■ AIM OF THE EXERCISE
Among the entries below, retype exactly the lines starting with the one with "Install4j Manual" and going on through the one with "Hills and trees", but not the pictures.

+++ DATA TO USE +++

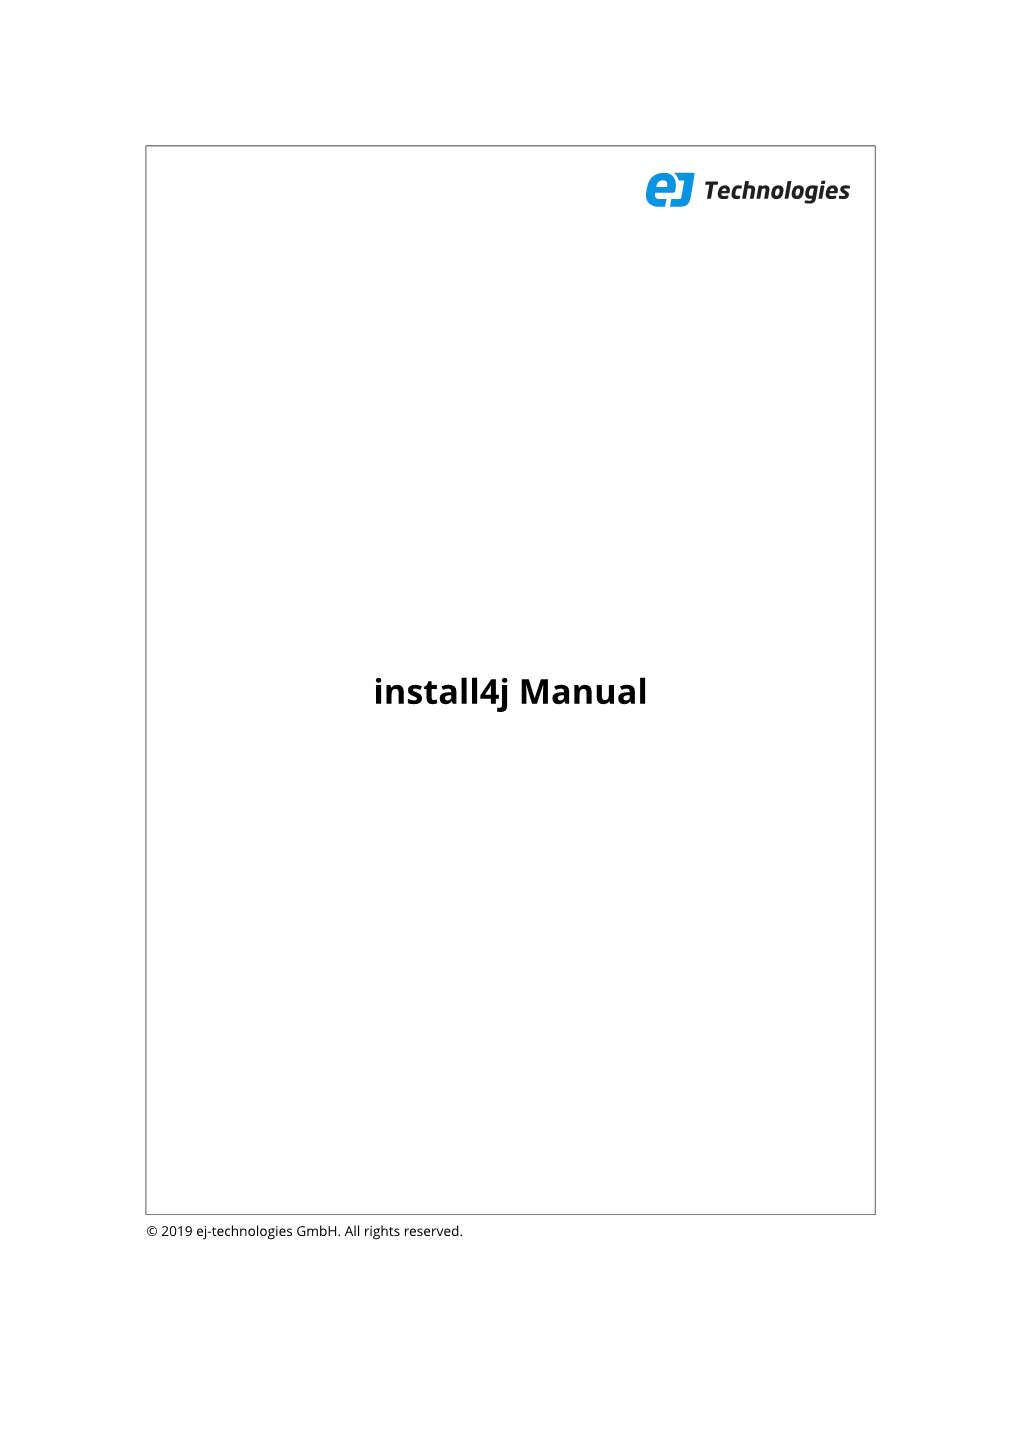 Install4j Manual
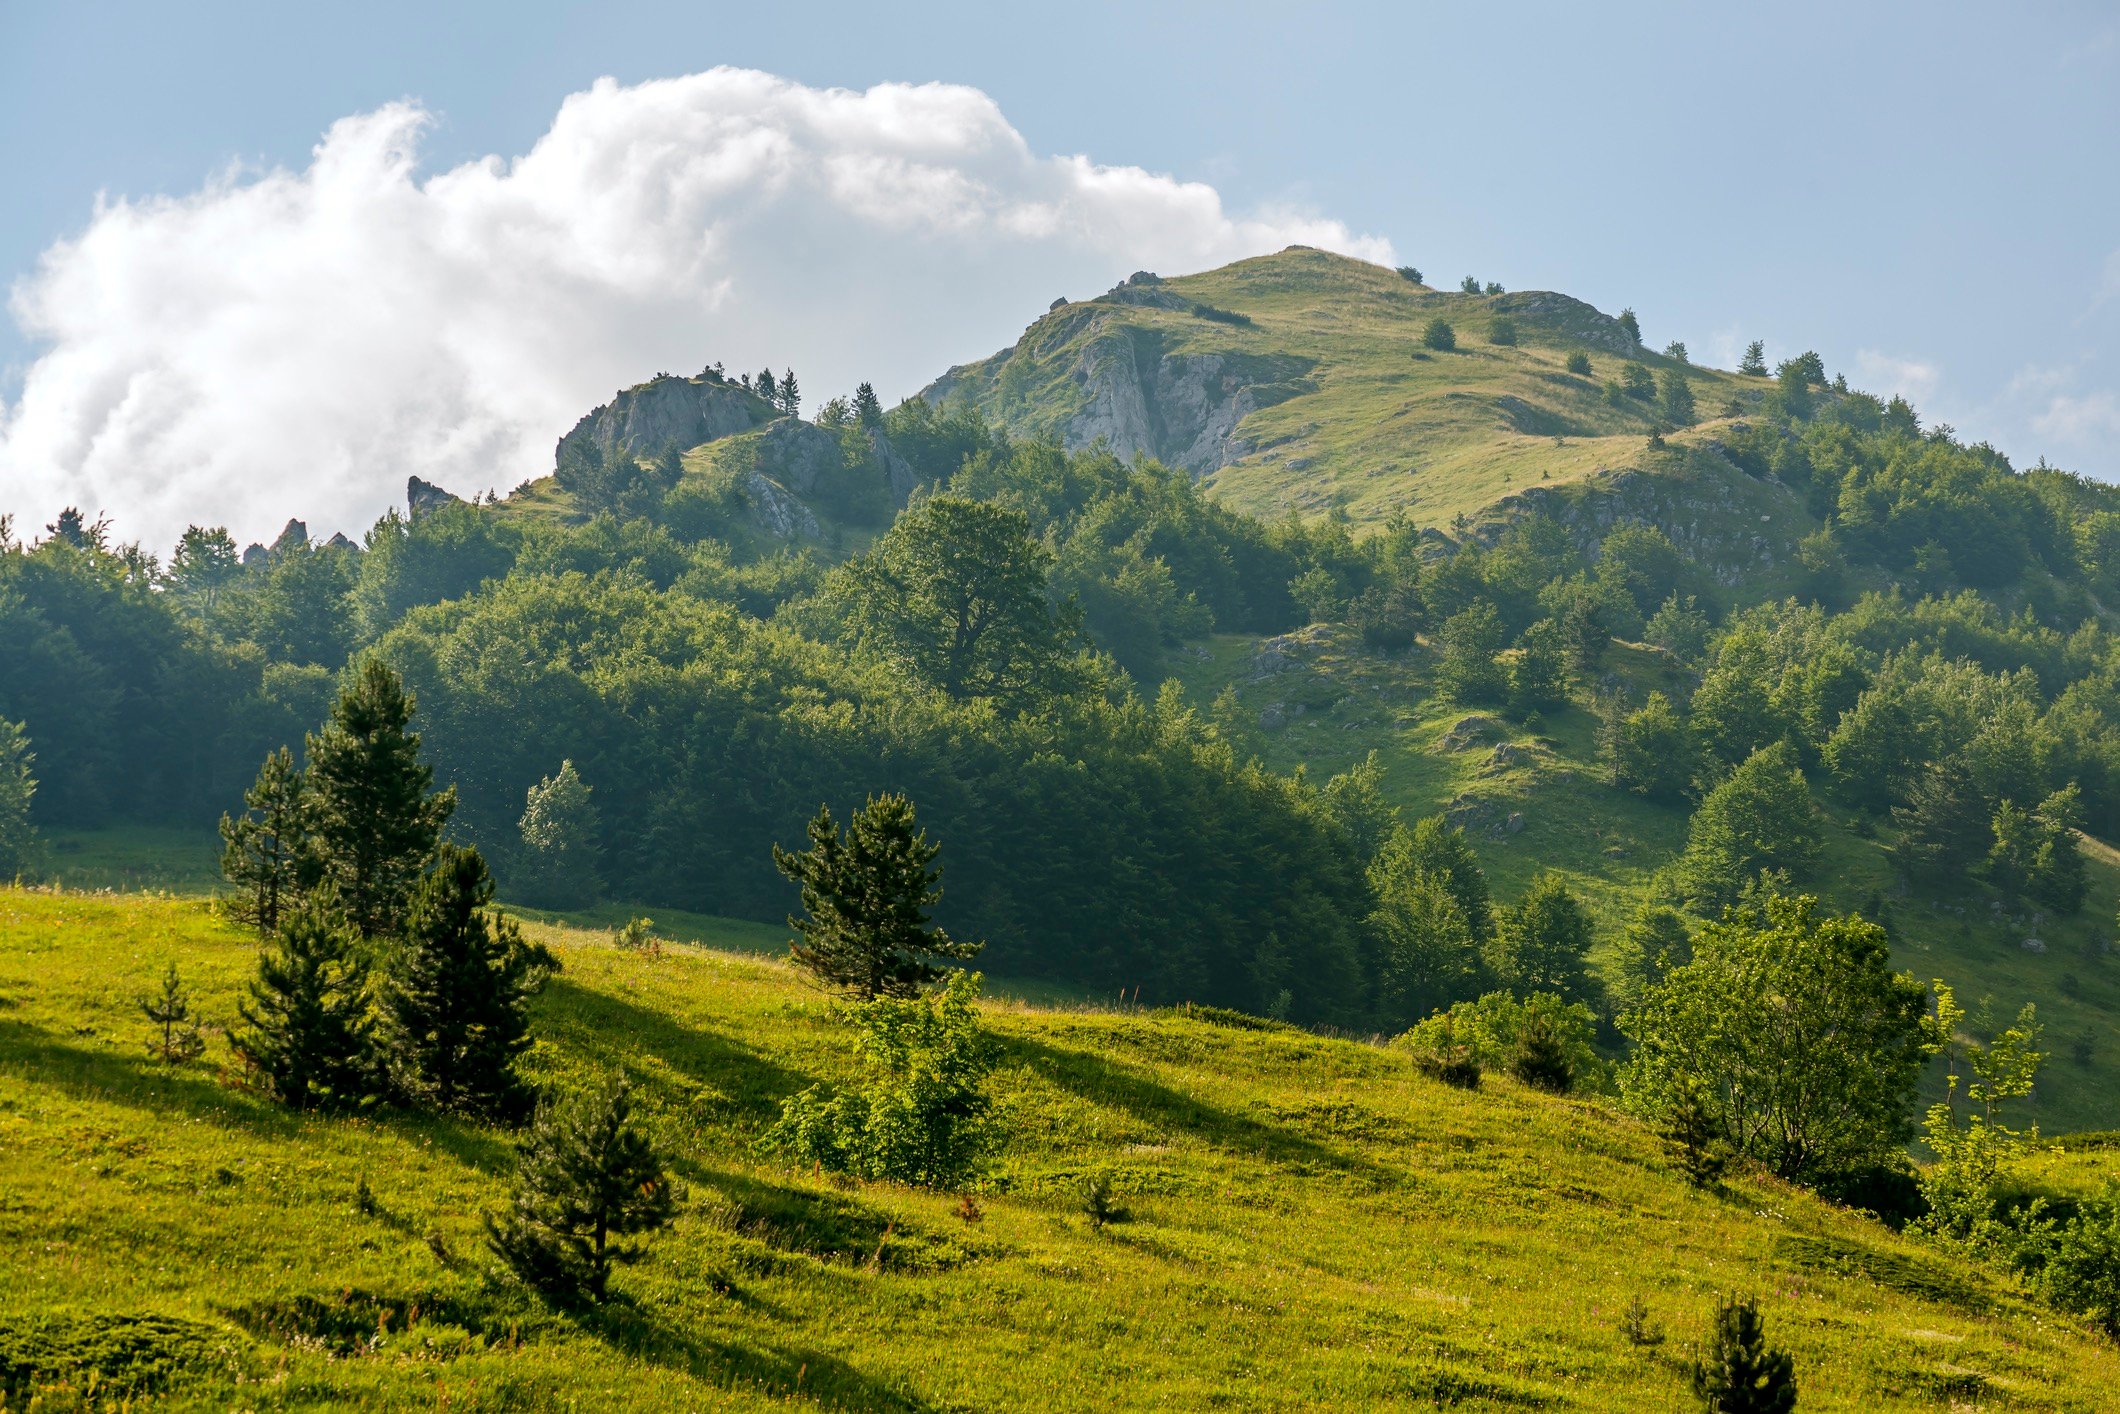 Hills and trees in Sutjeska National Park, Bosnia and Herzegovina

+++
+++ DATA TO USE +++

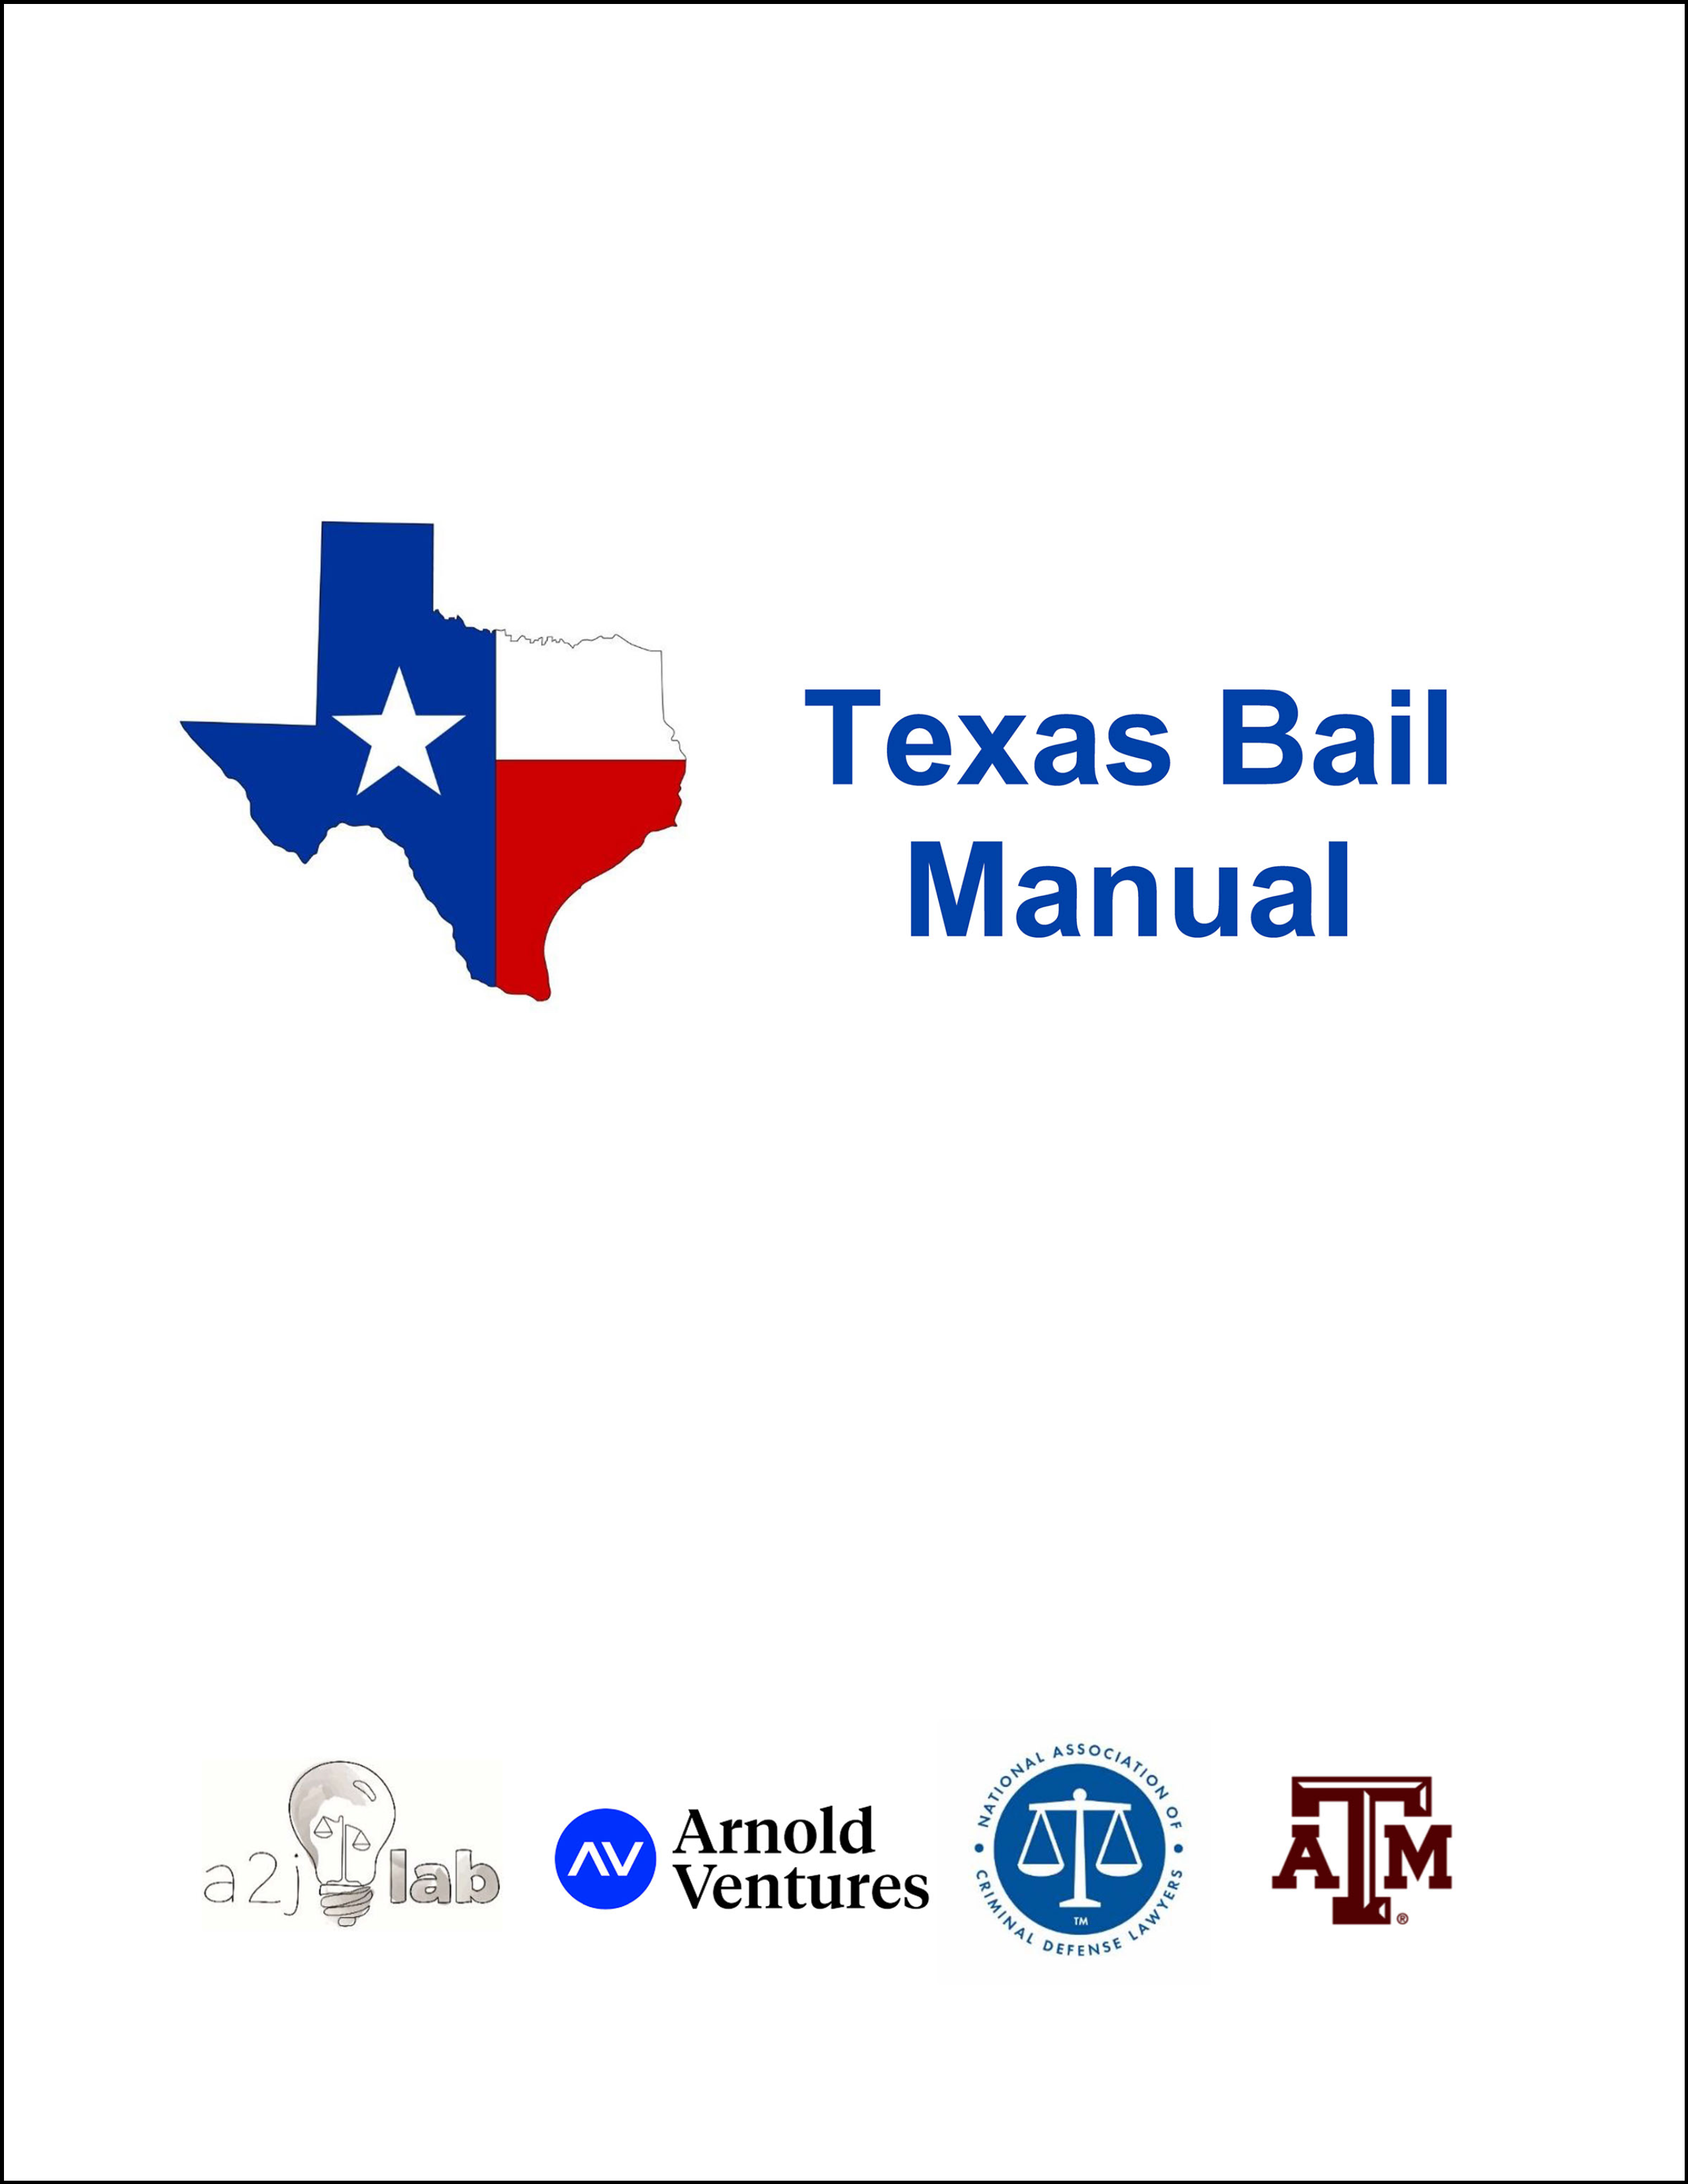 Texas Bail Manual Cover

+++

■ EXERCISE RESPONSE
 Install4j Manual
 Hills and trees in Sutjeska National Park, Bosnia and Herzegovina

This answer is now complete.